Bangkok is also an interesting example of what really happens in a place where there are no trademark laws. Because every suit maker claims to offer “Armani” or “Prada” suits and none actually do, one becomes very skeptical of any commercial claims at all. At a restautant or hotel you can see what you are getting but any commercial good that requires the assumption of quality (clothes, watches, movies, software, travel, etc…) becomes very difficult to assess and ultimately something to avoid. This doesn’t feel like the best way to run things.
I did have an enjoyable time walking through the shopping district although a shopping mall is a shopping mall pretty much the world over. I went into a “computer mall” that in another life would have been like heaven – if you like to assemble computers out of their constituent parts, you are in a great place, but that is not me anymore.

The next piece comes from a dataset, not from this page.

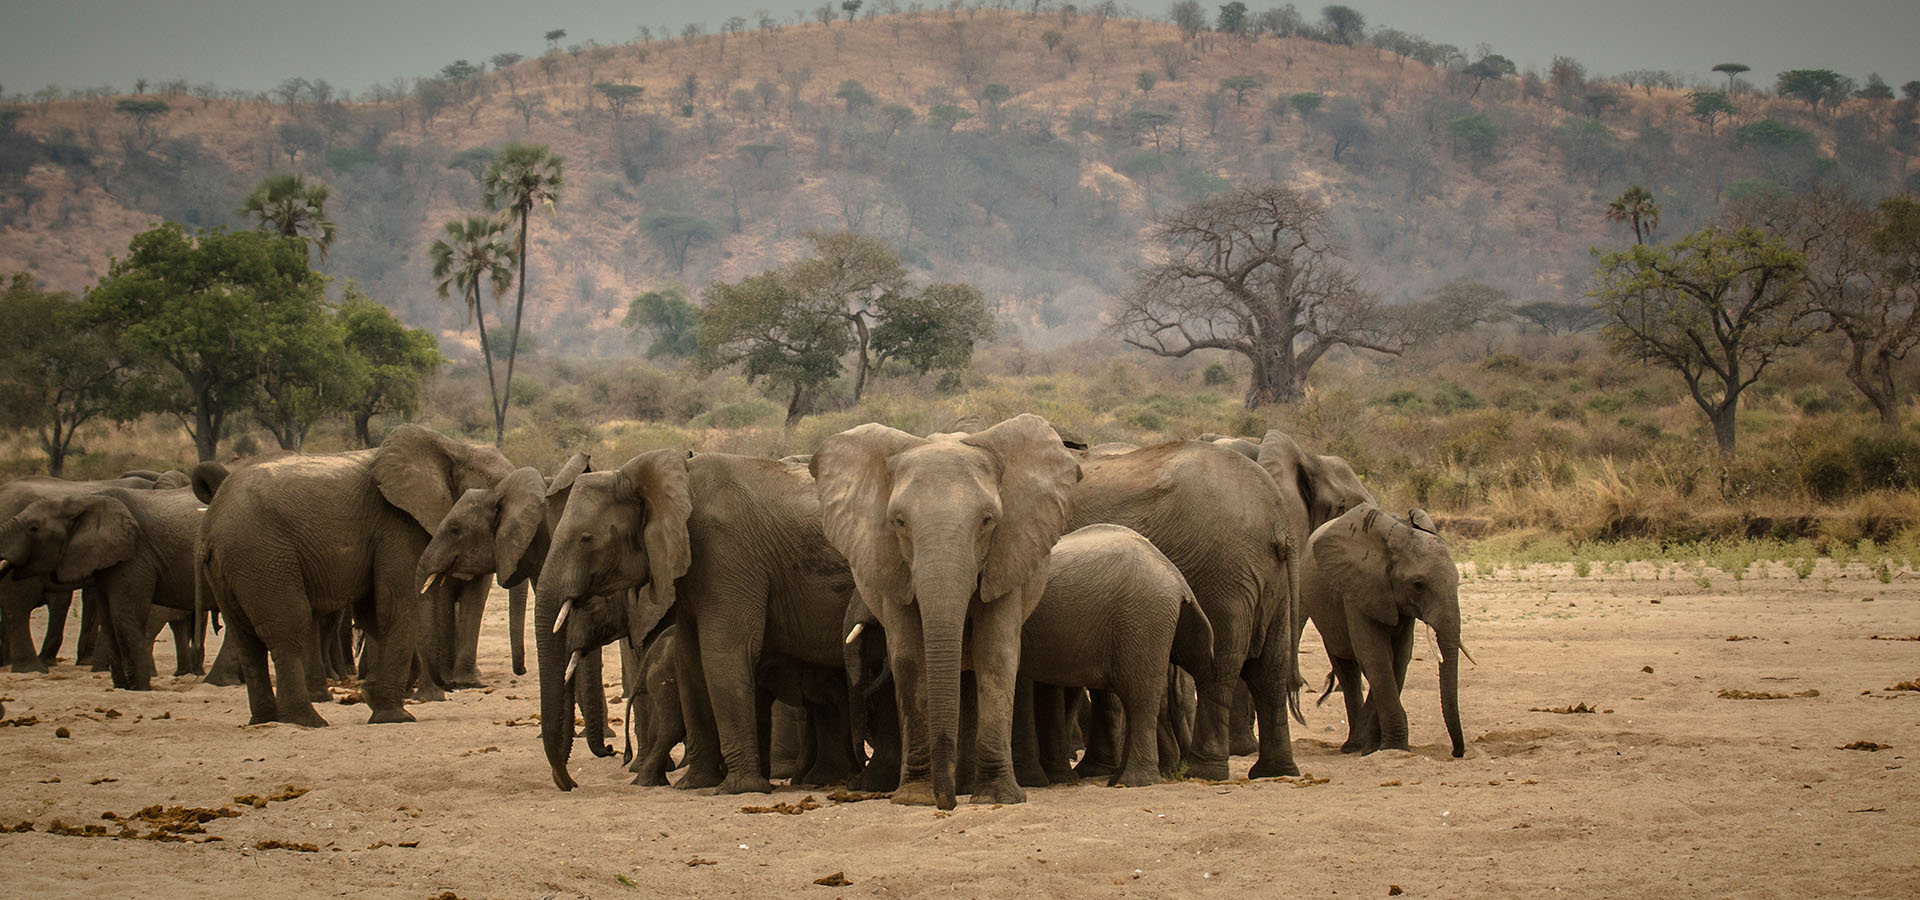 Northern Tanzania Wildlife Safari - Private Budget

I went by the Pat Pong night market and I had a hard time imagining that I wanted anything. Aside from the fact that essentially none of the clothes fit me, the feeling of impending rip-off is just to overwhelming to ignore. I left without buying a thing.

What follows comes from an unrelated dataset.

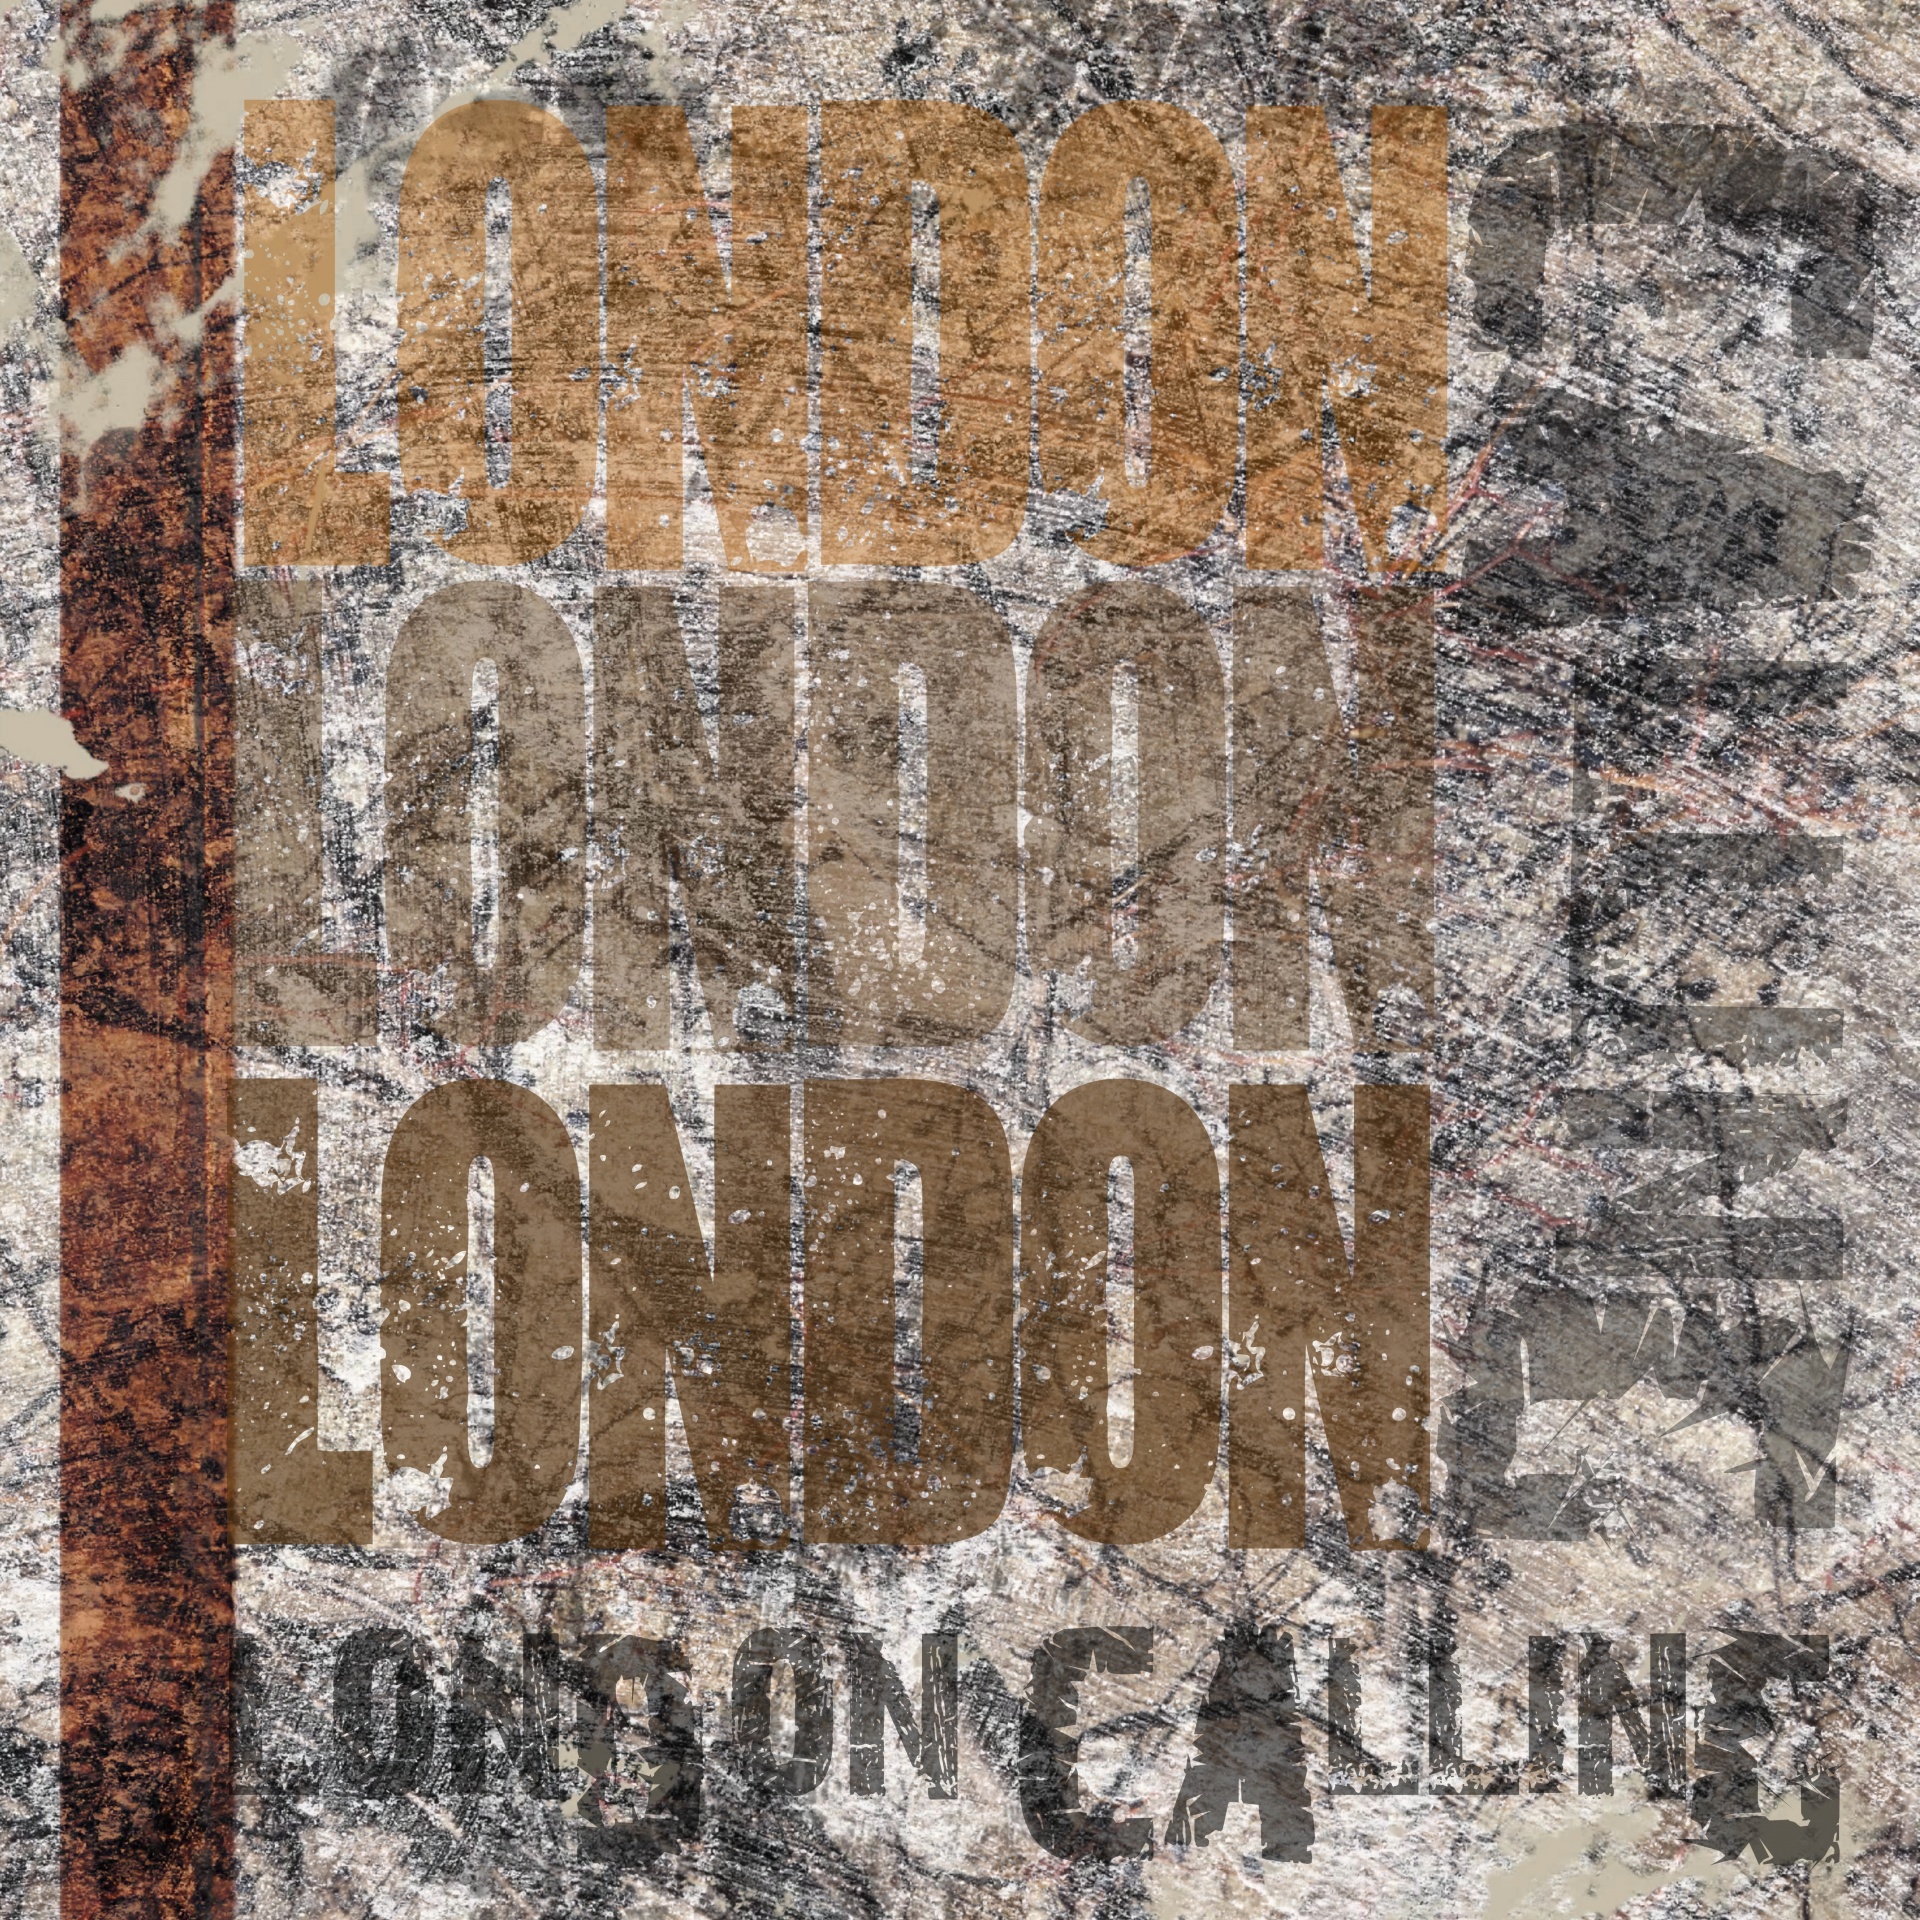 London Calling Grunge arte da colagem

Perhaps surprisingly, I didn’t go to any of the “shows” in Pat Pong either. I am not sure if it was just that I was turned off with the whole place but the men with their little lists of physically improbable acts and the ever present sex-tourist farangs with their tiny little Thai “girlfriends” were a real turn off. I ignored them all and went back to Kao Shan (which seemed almost calm at this point) and had a few drinks with the other backpackers. The next day I headed for the Gili Islands.
All good things must end and so after the full moon party it was unfortunately time for our little group to head our seperate ways. Dan and Yara headed for Singapore, a bunch of the couples headed down to Kolanta for some relaxing (and no doubt romantic) time and I headed to Ko Samui to meet my college friend Beth and then head on to Bangkok.
Although I didn’t love Ko Samui physically after a place like Phangan, it was really fun to see Beth and her friends and hang out with some familiar faces. Time has an odd way of drawing people close. Beth and I were never that close in College but we rented a scooter and drove around the island (got lost really) and had a great day, heading for a buddhist temple (until we realized we were dressed too informally to go in) checking out the beach and generally just chatting the whole way. I got a flat tire on my bike (for the second time!) and was once again impressed with how entrepenurial and helpful the Thai people can be. 150 Baht ($5) and about 20 min and I was on my way, good as new. Yara had said that a similiar incident in Zimbabwe would have taken a week to fix and I can believe it.
I spoke a little before I left about what the perfect Zen day would be. Here is the rough schedule, amended for the experience of actually living it:
- 10 am wake up
- 10-12 lie in bed, read in the hammock, take a walk through the totally quiet town
- 12-1 eat “breakfast”
- 1-3 Yoga class. Amazing
- 3-5 Hang out on the beach. Chat with people. More reading. Thai Rummy.
- 5-6:30 Thai massage $7 for an amazing hour.
- 6:30 – 8:00 nap
- 8:00 – 10:00 food and hang out with friends.
- 10:00 – 2:00 or later: party.
Some days we would take the centre out of the day (even the yoga class!) to “do something” like drive up to a remote beach or try to go sailing. (Unsuccessfully as it turned out – low water levels this time of year make sailing difficult.)
If you get the opportunity to live a week or longer like this, I highly recommend it, especially if you can have the psychological feeling of letting it go on as long as you want, rather than having the end of a vacation looming before you.